Car rental and leasing sectors are growing worldwide, driven by rising technological advancements in transportation and increased need for ease of mobility. A shift in demand from car ownership to car sharing (not to be confused with ride-sharing services such as Uber or Lyft) is driving the growth in car rental and leasing industries.

The process of renting a car is highly centralized, where the car rental company being the main point of contact for the driver to rent cars. Car rental companies need to maintain a fleet of cars, as well as car stations and staff to efficiently run their operations, which makes up for bulk of their operating costs. Car rental companies cover these costs from (high) rental rates charged to their customers.

In the peer-to-peer (P2P) care rental (or car sharing) model, there is no need to maintain any infrastructure or staff required to perform the task of renting, a fact that reduces the overhead costs. Lower costs offered by P2P car rental have resulted in the model gaining prominence. P2P car sharing has significant potential, highlighted by recent investments in car sharing services such as Turo and Getaround. In July 2019, US-based Turo raised US$250 million from IAC, an internet media company, taking its overall valuation to US$1 billion. Getaround, a US-based car sharing company established in 2011, raised US$300 million funding from SoftBank in 2018.
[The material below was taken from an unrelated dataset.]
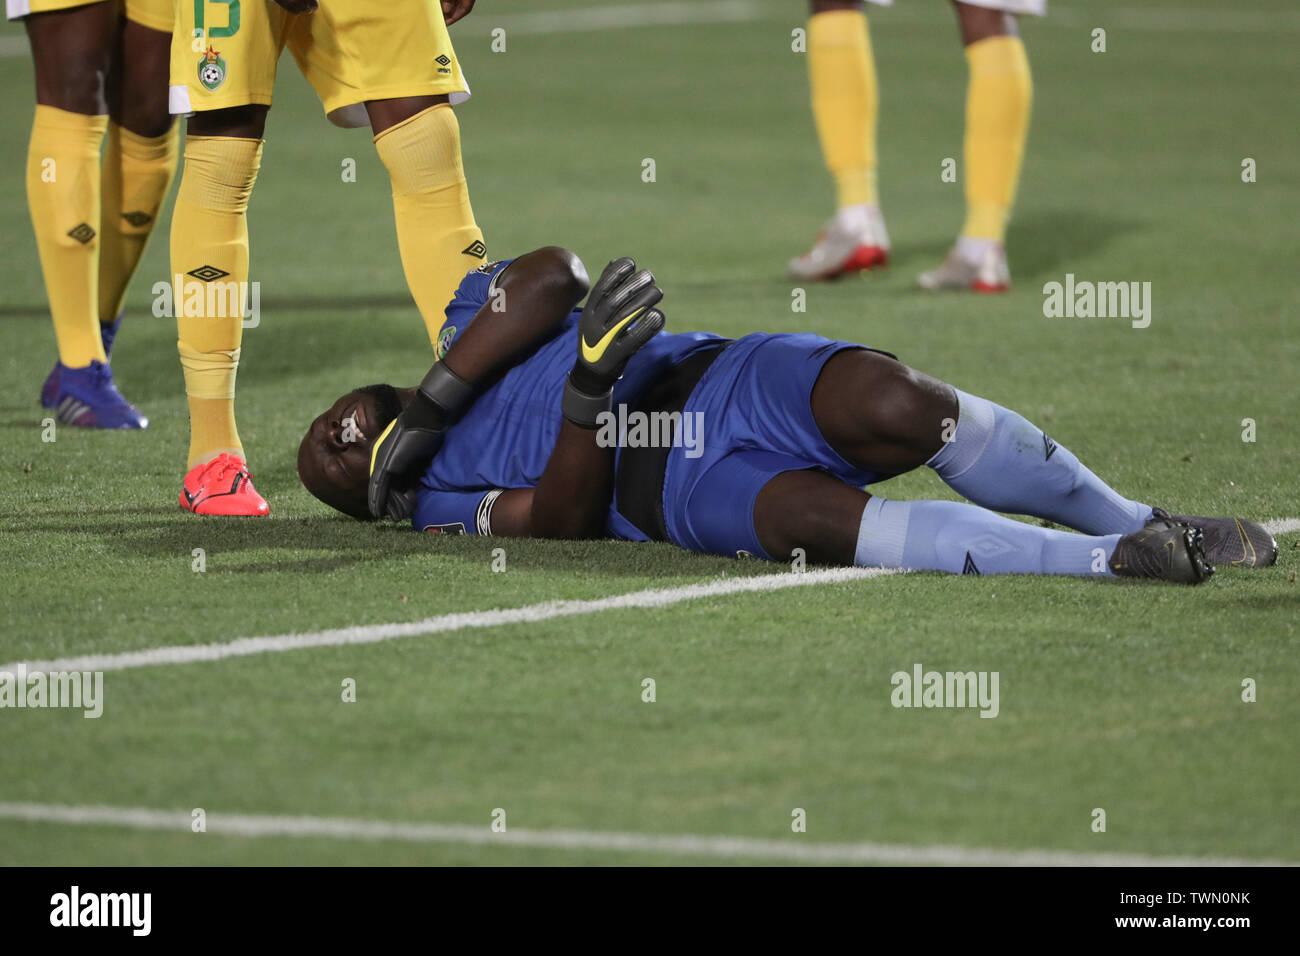 Cairo, Egypt. 21st June, 2019. Zimbabwe goalkeeper Edmore Sibanda lies injured on the ground during the 2019 Africa Cup of Nations Group A soccer match between Egypt and Zimbabwe at the Cairo International Stadium. Credit: Oliver Weiken/dpa/Alamy Live News Stock Photo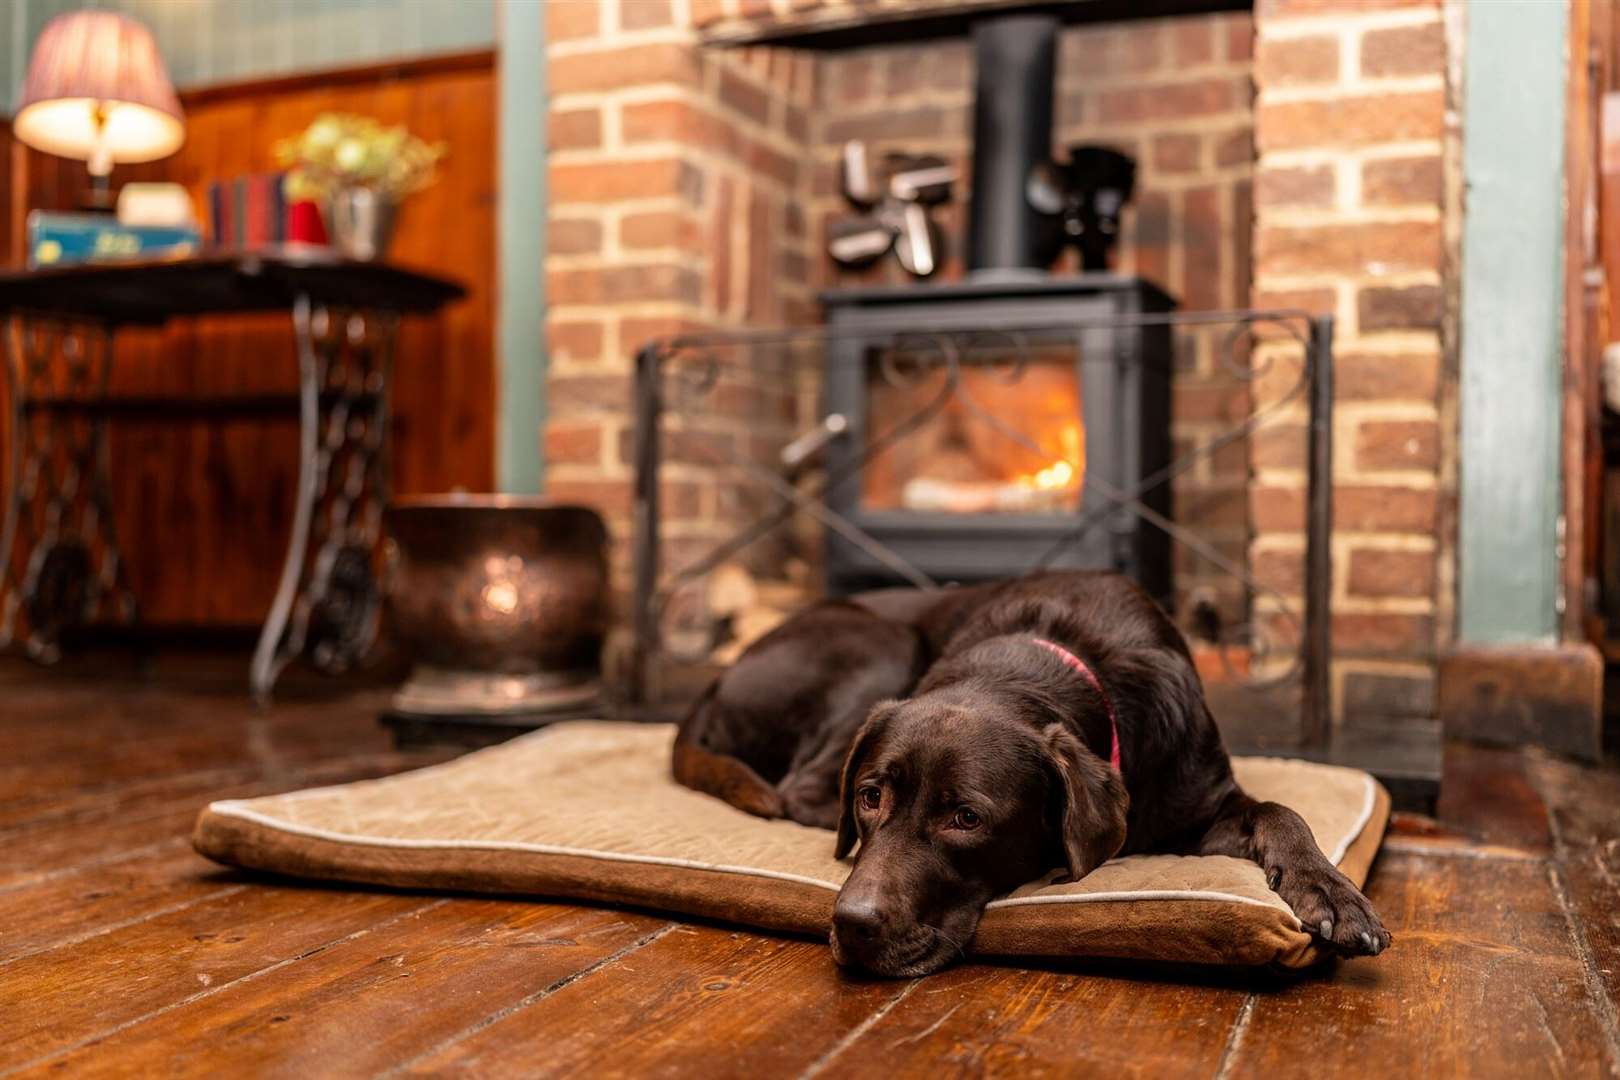 The Anchor, Faversham, will also have a resident dog - labrador Bluebell. Pic: Shepherd Neame

However, the P2P car sharing model is inherently prone to fraud and other illicit activities, causing lack of user trust, which in turn acts as a barrier to scaling of rental business, despite the growing demand for car sharing.

The issue can be aided by the emergence of blockchain, which is acting as the market disruptor. The use of a distributed ledger for car rental and leasing is likely to revolutionize the industry, especially P2P car sharing.

Blockchain to enable peer-to-peer car rental gain further prominence

There is a shift in paradigm from car ownership to car sharing, via car rental or leasing. The fact that vehicles are under-utilized and parked (and inactive) most of the time, while the vehicle owners incur ongoing fixed costs such insurance, tax, maintenance, and parking, is further driving this shift.

Emergence of use of blockchain in car rental offers a safe (from frauds) and reliable car-sharing platform, a fact that is likely to further promote P2P car sharing. Inherent unalterable properties of the blockchain offer a secure platform for both car owners (to list their cars) and the customers.

The concept of blockchain in car rental industry works similarly to any other blockchain transaction. Service providers (or car owners) and end clients registered on the blockchain can sign digital smart contracts which execute contract terms based on pre-agreed rules in place, similar to a regular rental model.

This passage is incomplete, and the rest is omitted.